Wifi Dabba’s Position and Expansion Plans
Lakshman also used the discussion to outline how Wifi Dabba sees its own future in India. As the company’s network grows, he said it sees opportunities for vertical integration that go beyond basic connectivity. These could include cloud services and financial services as value-added offerings layered on top of network access.
The strategy, as he described it, is not only to increase revenue diversification but also to improve the overall experience for both customers and network operators. That suggests Wifi Dabba views connectivity as the foundation of a broader service stack rather than a standalone business line.
He also noted that Dabba has been active in the market for several years and has worked with organizations including Google and the Indian government on wifi-related initiatives. While the interview did not provide fresh operational metrics, the reference helps position the company as an existing participant in India’s connectivity landscape rather than a purely conceptual advocate of DePIN.
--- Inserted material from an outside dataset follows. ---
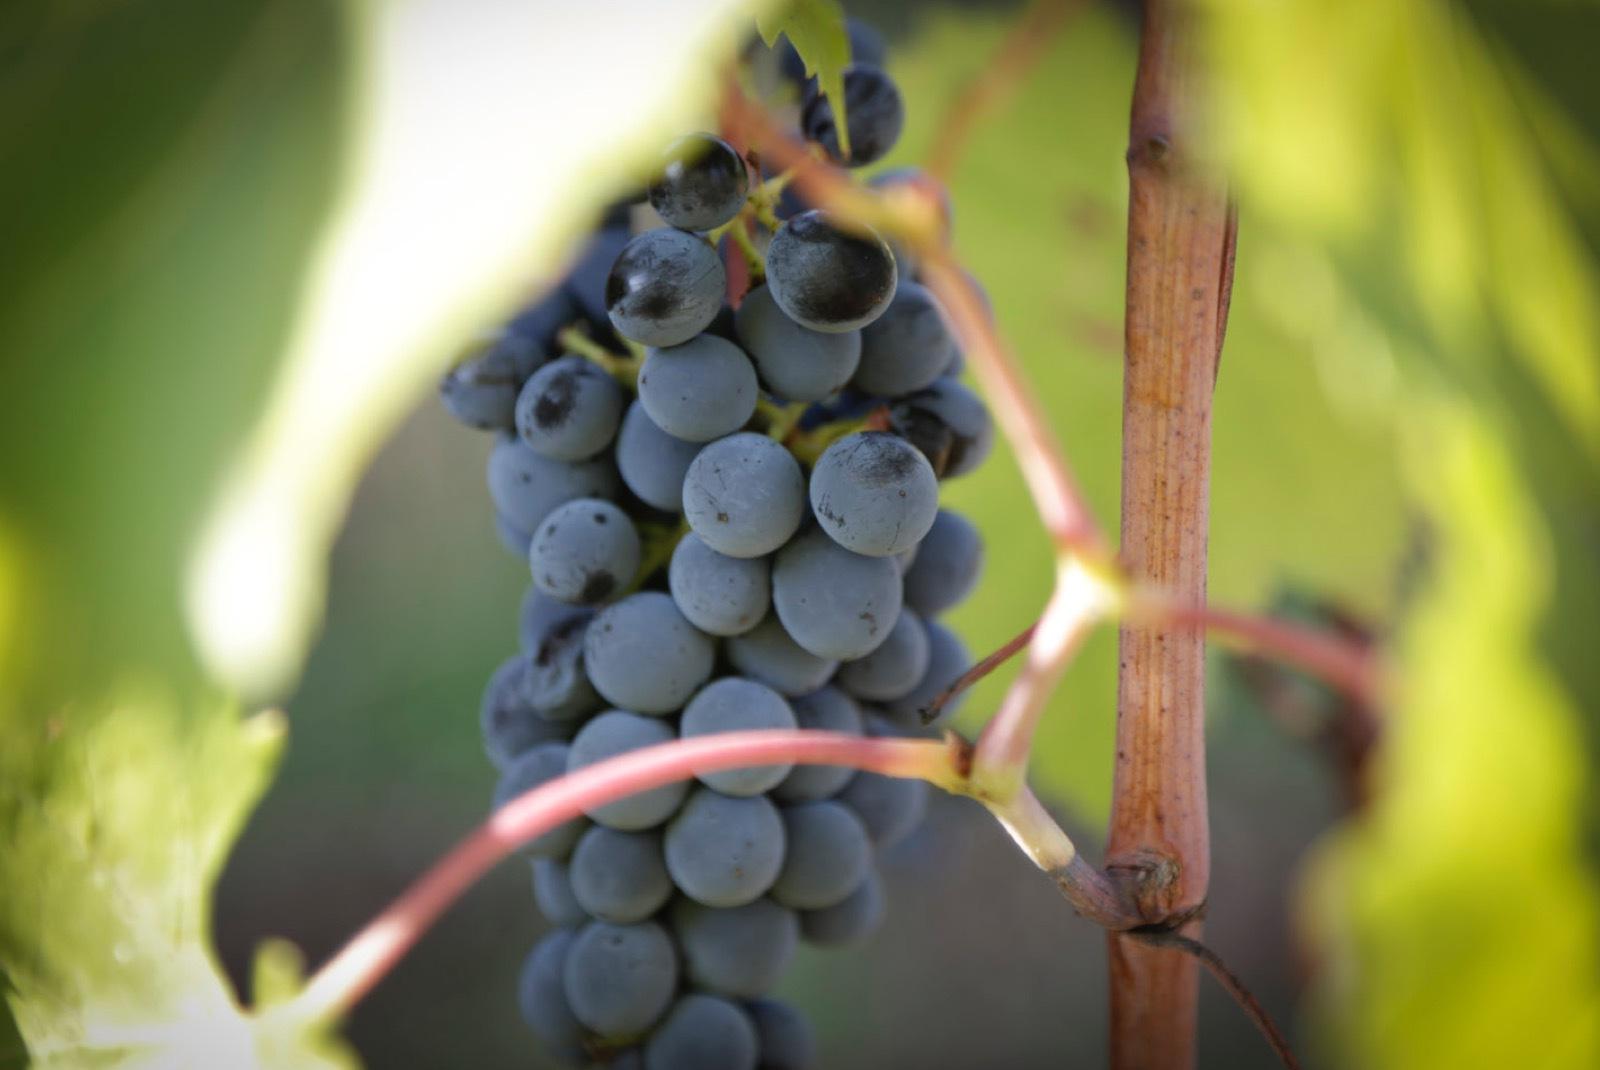 Vindruvor innehåller mycket av polyfenolen resveratrol som i studier visat sig vara antiinflammatoriskt. Foto: Agneta Elmegård

Why the Developing World May Lead the Next DePIN Wave
One of Lakshman’s strongest claims was that the next major DePIN success story is likely to emerge from the developing world. His reasoning is straightforward: this is where infrastructure gaps are largest, where traditional models have left clear shortcomings, and where solving practical problems can have the greatest impact on daily life.
In developed economies, much of the major infrastructure is already built and markets are often saturated. In developing economies, however, there is still significant room to deploy communications, mobility, and compute infrastructure in ways that directly support economic development. For proponents of decentralized systems, that creates a more natural environment for adoption.
From Lakshman’s perspective, India is therefore not just another telecom battleground. It is a live test of whether blockchain-enabled incentive networks can support real-world infrastructure at meaningful scale. If successful, the model could be adapted to countries that face the same combination of high demand, low fixed broadband penetration, and uneven incumbent coverage.
A Vision, Not Yet a Universal Verdict
At the same time, Lakshman’s comments should be understood as the perspective of an industry operator advocating for a specific model. The interview presents a clear case for DePIN as a tool for expanding affordable and transparent infrastructure, but it does not claim that all implementation challenges have already been solved.
What it does offer is a concise thesis: developing countries need faster, cheaper, and more inclusive ways to build infrastructure, and decentralized physical networks may be one route to achieving that. In markets like India—where digital demand is enormous but access gaps remain stubborn—this argument is likely to gain continued attention.
Whether DePIN ultimately fulfills that promise at national scale remains to be seen. But Lakshman’s message is clear: where traditional deployment models move too slowly or leave too many people behind, decentralized infrastructure deserves serious consideration.